Горенко подошел к Грифу, сел на стул напротив него, попытался заглянуть в глаза и замер.
Гриф не надел свои темные очки. Он потерял их еще в кабинете капитана, когда разбирался с напавшими.
Горенко почувствовал, как ком тошноты подкатился к самому горлу. Но взгляда капитан не отвел. Так и смотрел в глаза Грифа. В то, что было глазами Грифа.
– Что-то увидели? – улыбнулся Гриф. – Рассмотрели?
Глаза были покрыты радужной пленкой… Или нет, не покрыты. Если представить себе мыльный пузырь с толстенными, сантиметров по пять, стенками, то из этих стенок можно было выточить нечто, похожее на глаза Грифа. Отдаленно похожее.
Глаза переливались. Они, казалось, жили сами по себе, полоски цвета и разводы свободно двигались по глазу, проскальзывая над зрачком, время от времени заслоняя его, словно облака.
И зрачок… Он не был круглым. Он был похож на… На ограненный черный камень. На черный бриллиант, подумал Горенко. Он никогда не был особо силен в минералах. Знал одно – камни не могли так пульсировать, как это делали зрачки Грифа.
Зрачки то сжимались, почти исчезая в радужных разводах, то проступали почти на все глазное яблоко. И был в этой пульсации какой-то странный, завораживающий ритм… Нечто, привлекающее и отталкивающее одновременно, вызывающее чувство прикосновения к чему-то запретному.
– Хотите себе такие? – тихо, почти вкрадчиво, поинтересовался Гриф. – Я знаю, где такие выдают. Хорошая вещь! Работают даже в кромешной темноте и дыму. Я могу видеть малейшее движение, только намек на него. Замечаю, как расширяются сосуды под кожей у человека, могу легко понять, врет человек или нет. Легко! Могу предугадать движение по тому, как только начинают напрягаться мышцы… Хотите и себе такие? Или давайте просто поменяемся. Мне мои уже немного надоели!
Голос Грифа от слова к слову, словно по ступенькам, поднимался, и последнее слово Гриф уже выкрикнул.
– Надоели! Я устал видеть, как мне лгут! Я устал делать вид, что не понимаю, как передо мной изворачиваются, пытаются соврать… – Гриф замолчал, успокаиваясь. – Знаете, что я заметил? Те, кто врет из корысти, делают это точно так же, как и те, кто врет из самых высоких побуждений. Нет разницы, что заставляет человека врать. Так же кровь приливает к щекам, так же напрягаются мышцы… В моем случае банальное выражение «видеть насквозь» приобретает совершенно конкретное воплощение.

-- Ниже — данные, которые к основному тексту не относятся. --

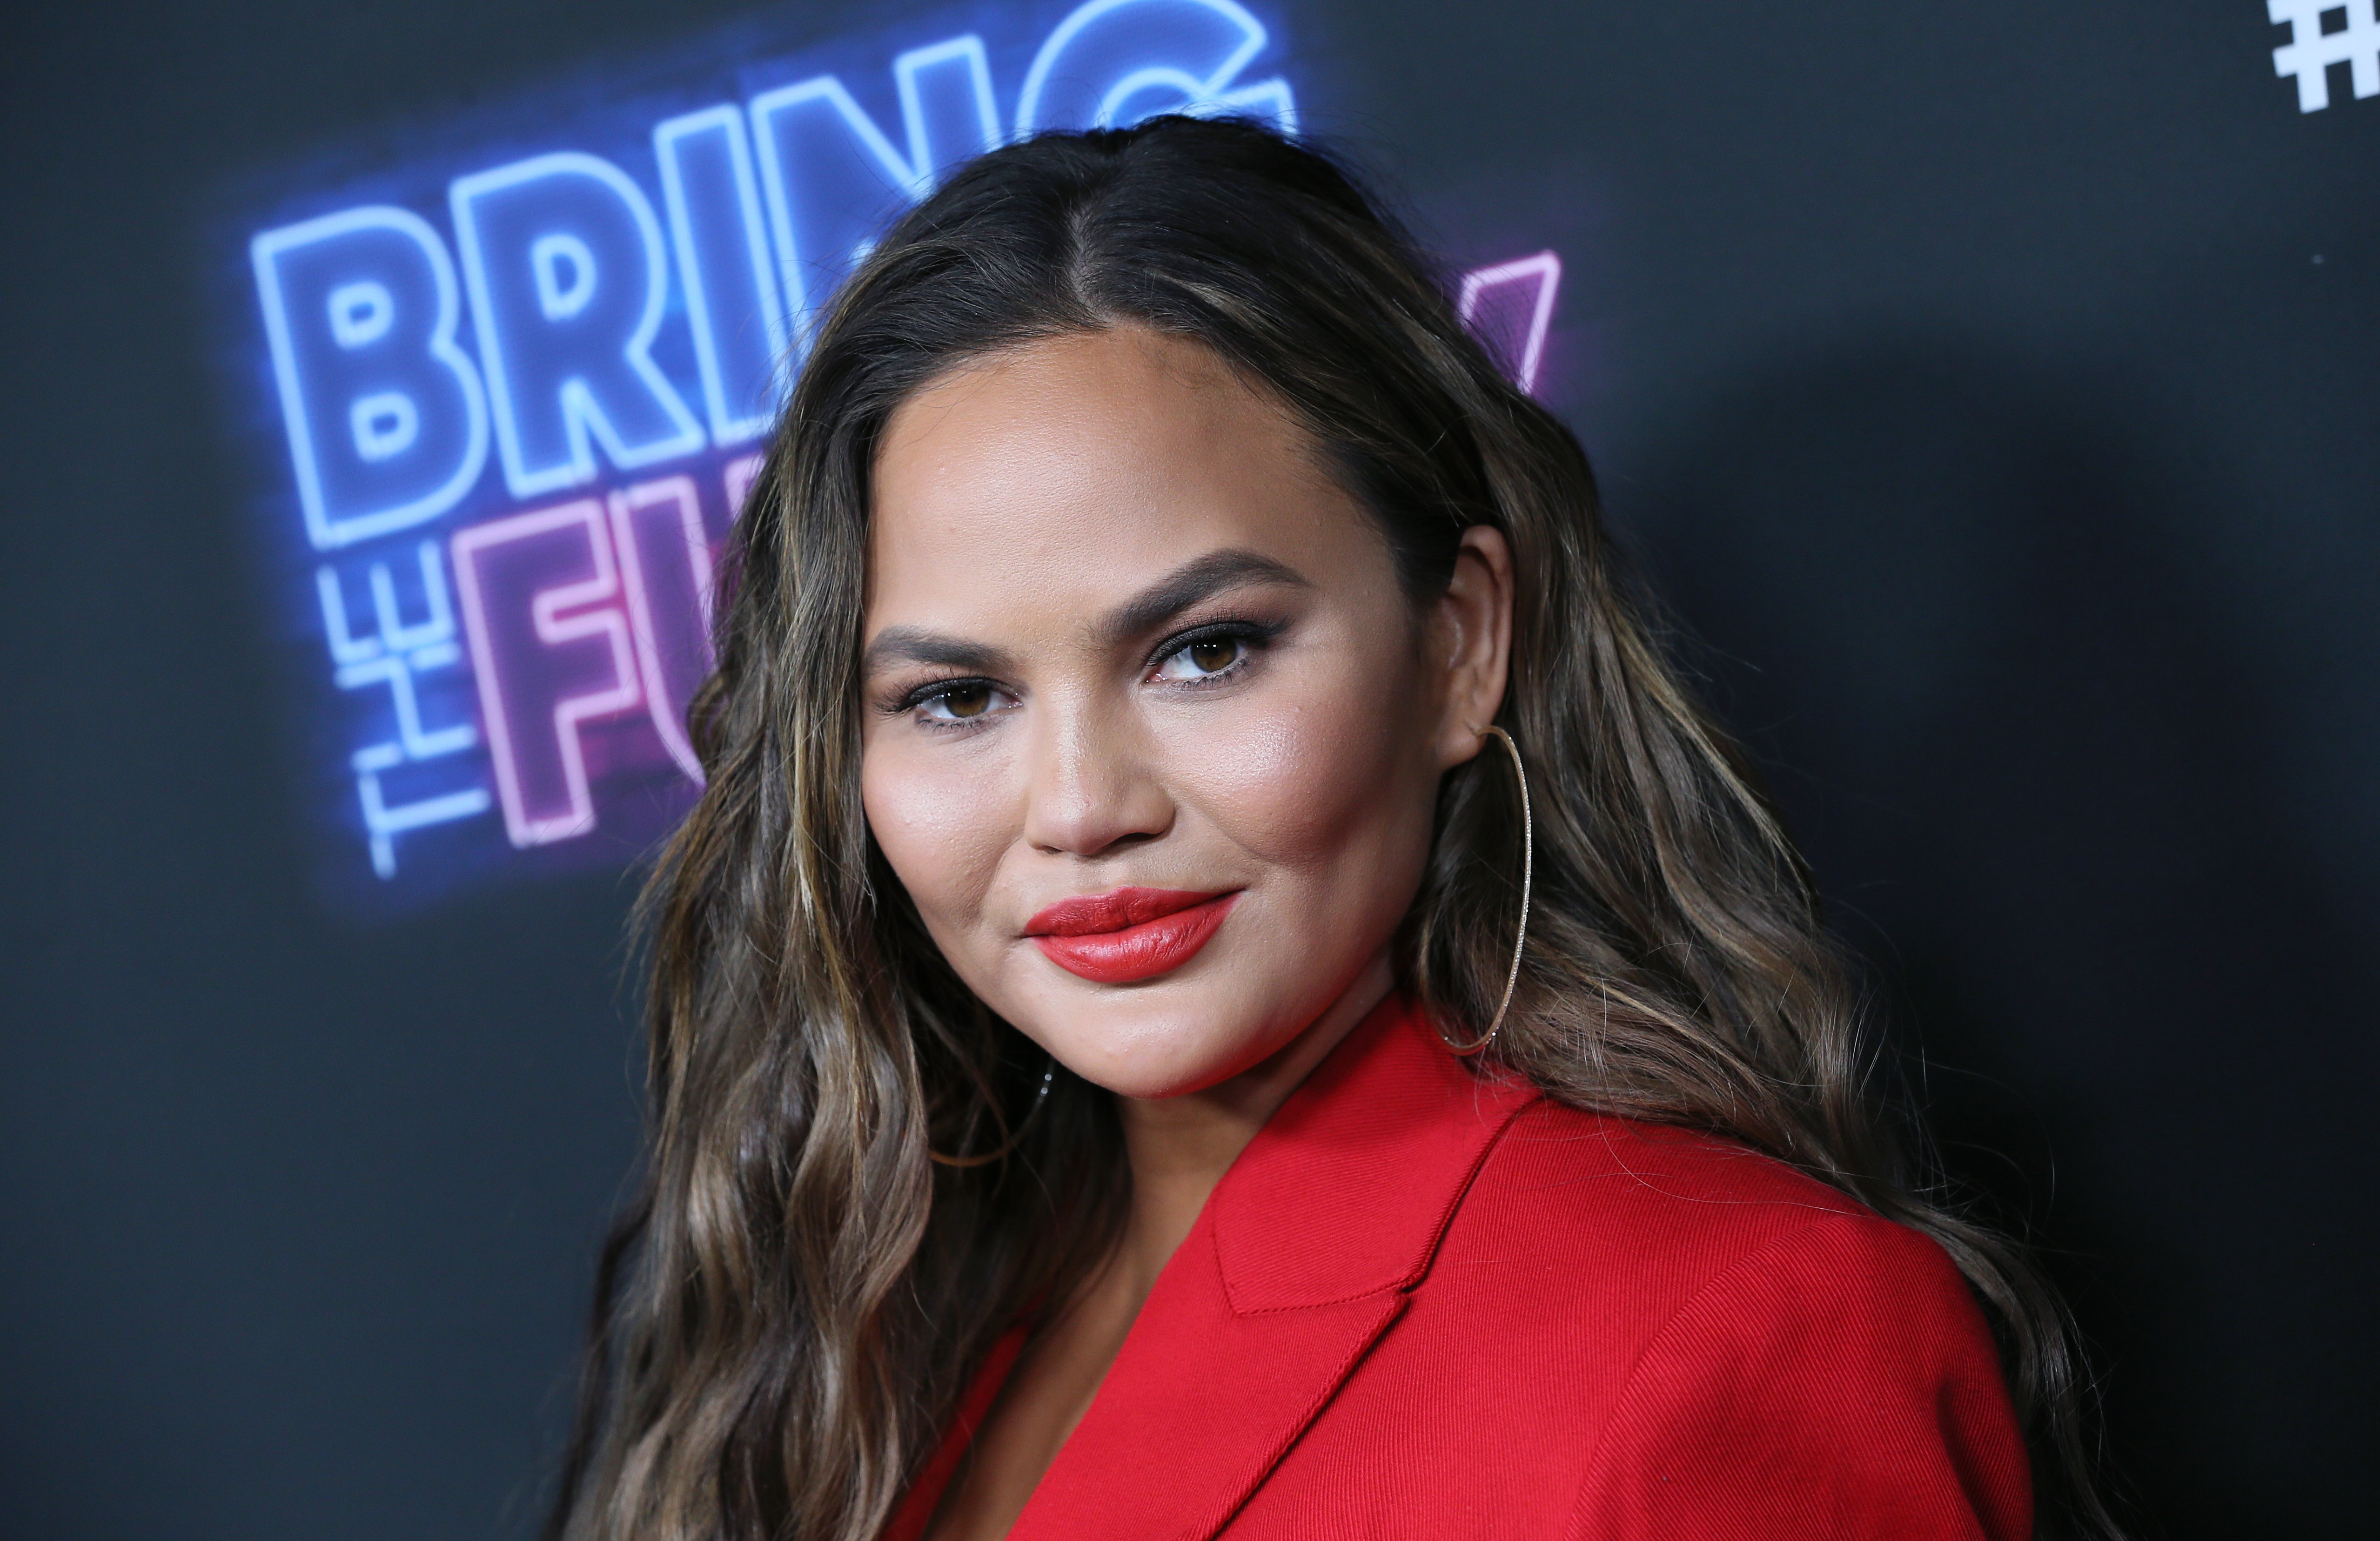 Chrissy Teigen attends the premiere of NBC's "Bring The Funny" at Rockwell Table & Stage on June 26, 2019. | Photo: Getty Images

Горенко наконец отвел взгляд.
– Отсюда нет запасного выхода? – спросил совершенно спокойным голосом Гриф.
– Нет. Только выход в другую комнату. Там у меня…
Гриф бегло с порога осмотрел комнату за стойкой бара. Диван, пара кресел, блок мониторов и кадропроекторов, компьютер и два шкафа – металл, отделанный деревом.
– Там, как я понимаю, арсенал и остальное специальное оборудование. – Гриф оглянулся на сидящего возле стойки капитана. – А это все – дублирующая система наблюдения. Так?
– Так.
– И, насколько я разбираюсь в ботанике, основной пульт никак не контролирует и даже не замечает вашего подключения.
– Точно.
– И почему я не удивлен? – удивился Гриф, присаживаясь к пульту. – Как включается ваша шарманка?
– Код и биологическое сканирование.
– Тогда подойдите сюда и включите, – приказал Гриф.
Горенко молча подошел и включил.
Полковник и его люди контролировали Клинику полностью. Система наружного наблюдения Клиники уже была совмещена с системой управления огнем, огневые точки были установлены по периметру и на крыше, а с десяток микропланов разместились пока на земле, в зарослях в радиусе полукилометра от Клиники. Микропланы ждали команды.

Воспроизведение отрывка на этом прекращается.